“It’s hard to feel like woman when the parts that make me the gender I am, have become weapons. My cervix, uterus, tubes and ovaries had to go. My weekly hot-flashes are a brutal reminder of a loss of life’s greatest cycle…”

Some are  not really sure what makes a woman, anymore. Is it the curve of a body, the sharp wit of the mind, or the ability to produce children? Is it everything and nothing… all at once? The recent piece on Caitlyn Jenner by the ever-eye-rolling Matt Walsh had me infuriated. “Female Glory,” my arce. I’ll tell you about female glory- it has nothing to do with curves or a penchant for the color pink. I’m not my vagina. I’m not my breasts. And sadly- I’m no longer my butt. Which is tragic- because at one point, I heard it was something of terrible importance. It’s been 2 years now. I’m not less of a woman- I’m more.

I suppose in some circles, I’m not a woman. Women have reproductive systems that enable the creation and birth of children. After cancer, I don’t have any of the necessary ingredients to create another being.  Sometimes, I call it, “Phantom Womb Syndrome.“ I’m losing my body, piece by precious piece- to what can only be assumed to be a tub of medical waste.
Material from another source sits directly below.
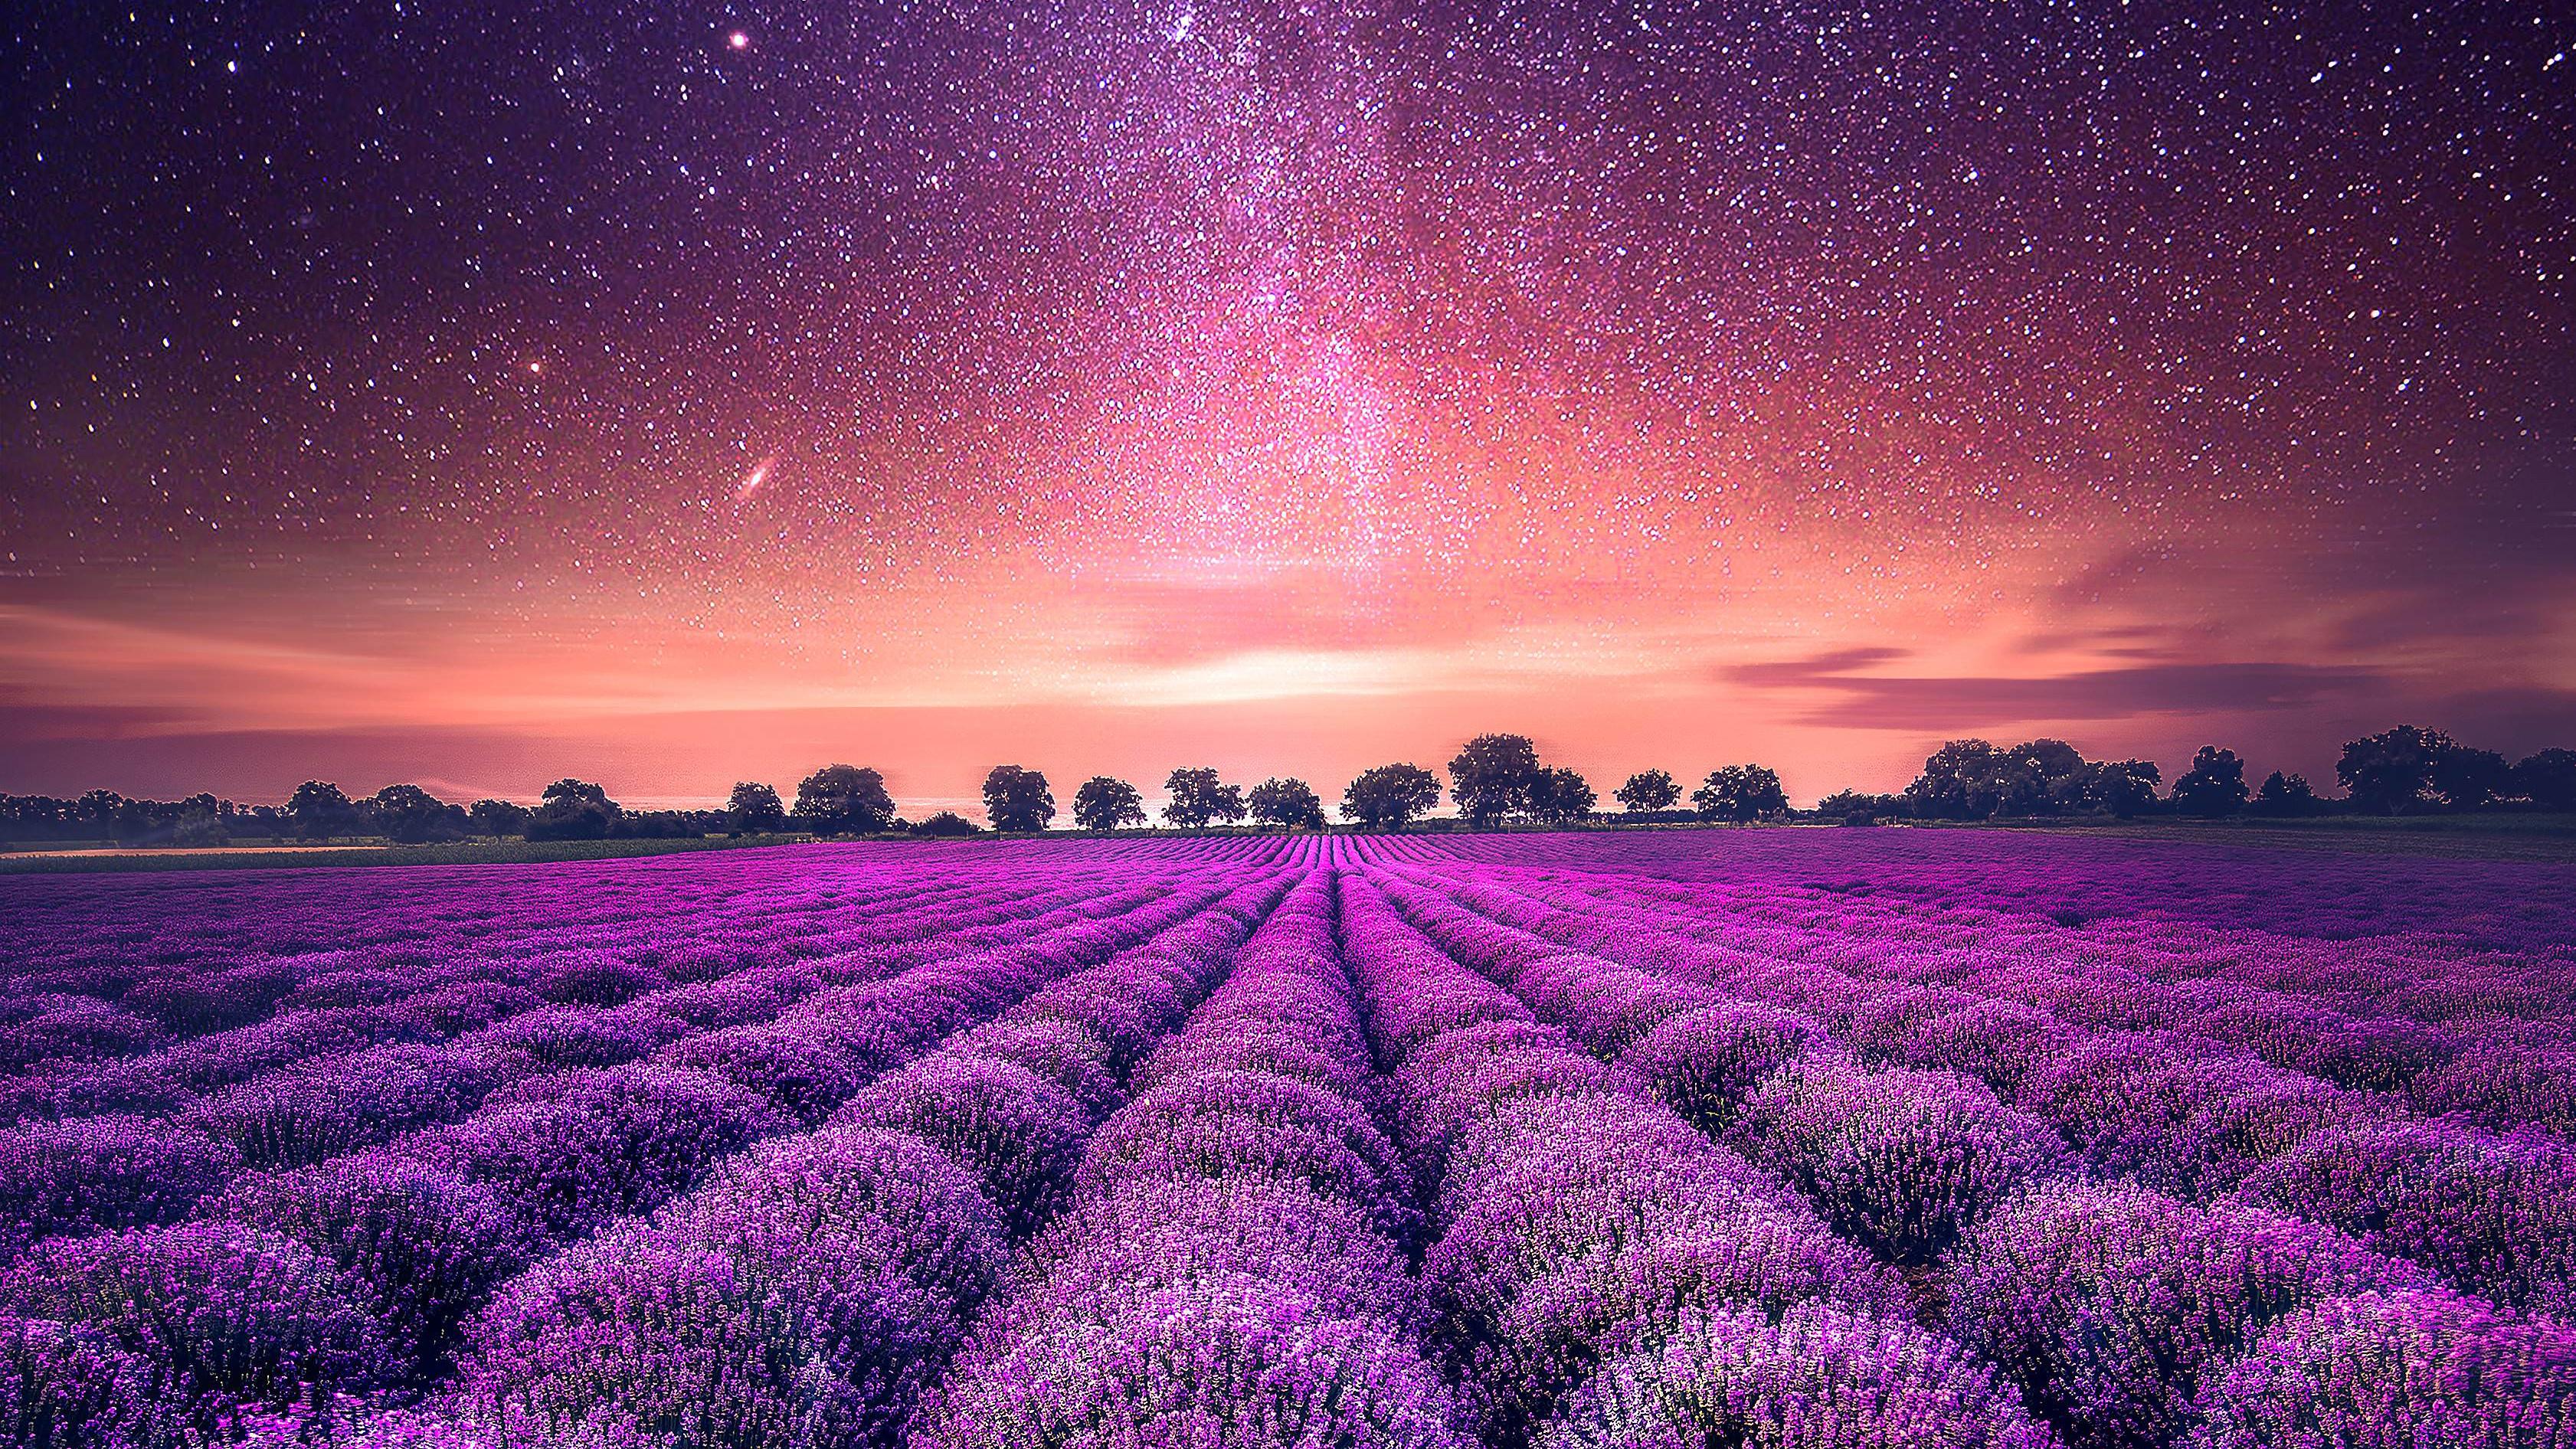 Starry Sky Lavender field Wallpapers | HD Wallpapers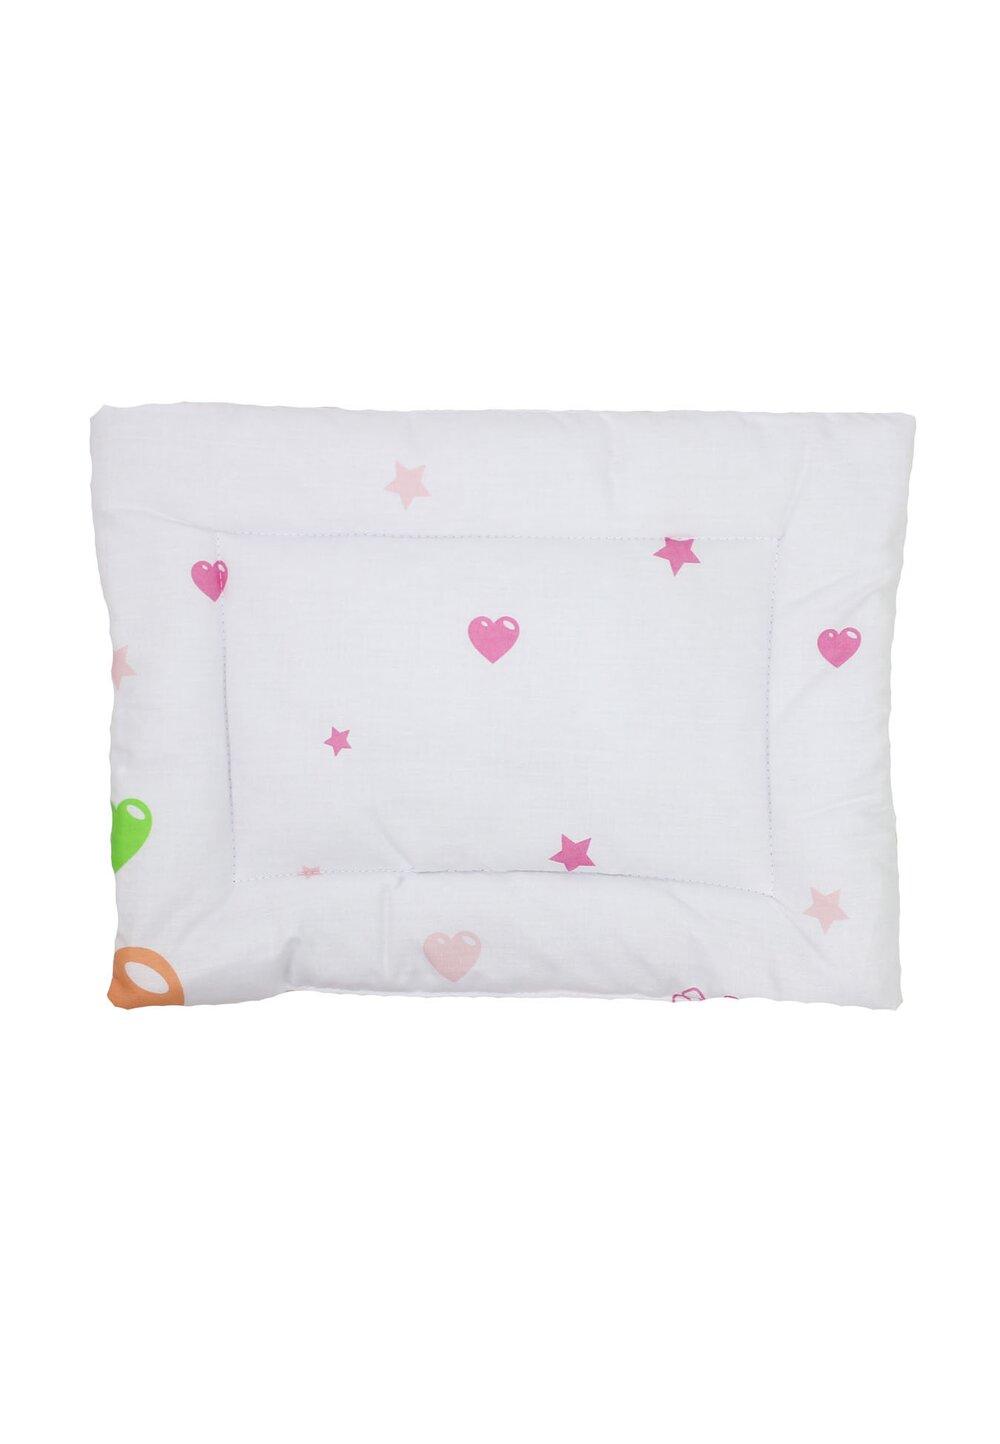 Perna slim, alba,inimioare cu stelute roz, 37 x 28 cm imagine

The unnecessary. Here I am without my womanly bits. But say it again- I think: The unnecessary. I am still here. I am still a woman.

Joining those bits are strategically-cut pieces of my butt. (I realize typing the term, “strategically-cut pieces of my butt” probably breaks the rules of blogging. I’m strangely okay with this.)  I’m missing several pieces after my last run-in with the colo-rectal surgeon and I have no doubt I’ll be missing a few more after my next surgery in about 2 weeks. I didn’t want the other body parts to feel lonely- half of my vagina, fallopian tubes, ovaries and uterus have been joined by the butt of all jokes– my butt. The GLORY of womanhood.

In a short while, I won’t have breasts to define my body, either. A history in my biological family of breast cancer, had me check my genes to find out I carried BCRA-2. This meant no hormone replacement therapy after my hysterectomy. The hot flashes and wake-me-up-out-of-a-sound-sleep-night-sweats are not-so-gentle reminders that my body, isn’t what it used to be. Of it all- I will miss my breasts the most. But in each moment, I’m thankful to be here.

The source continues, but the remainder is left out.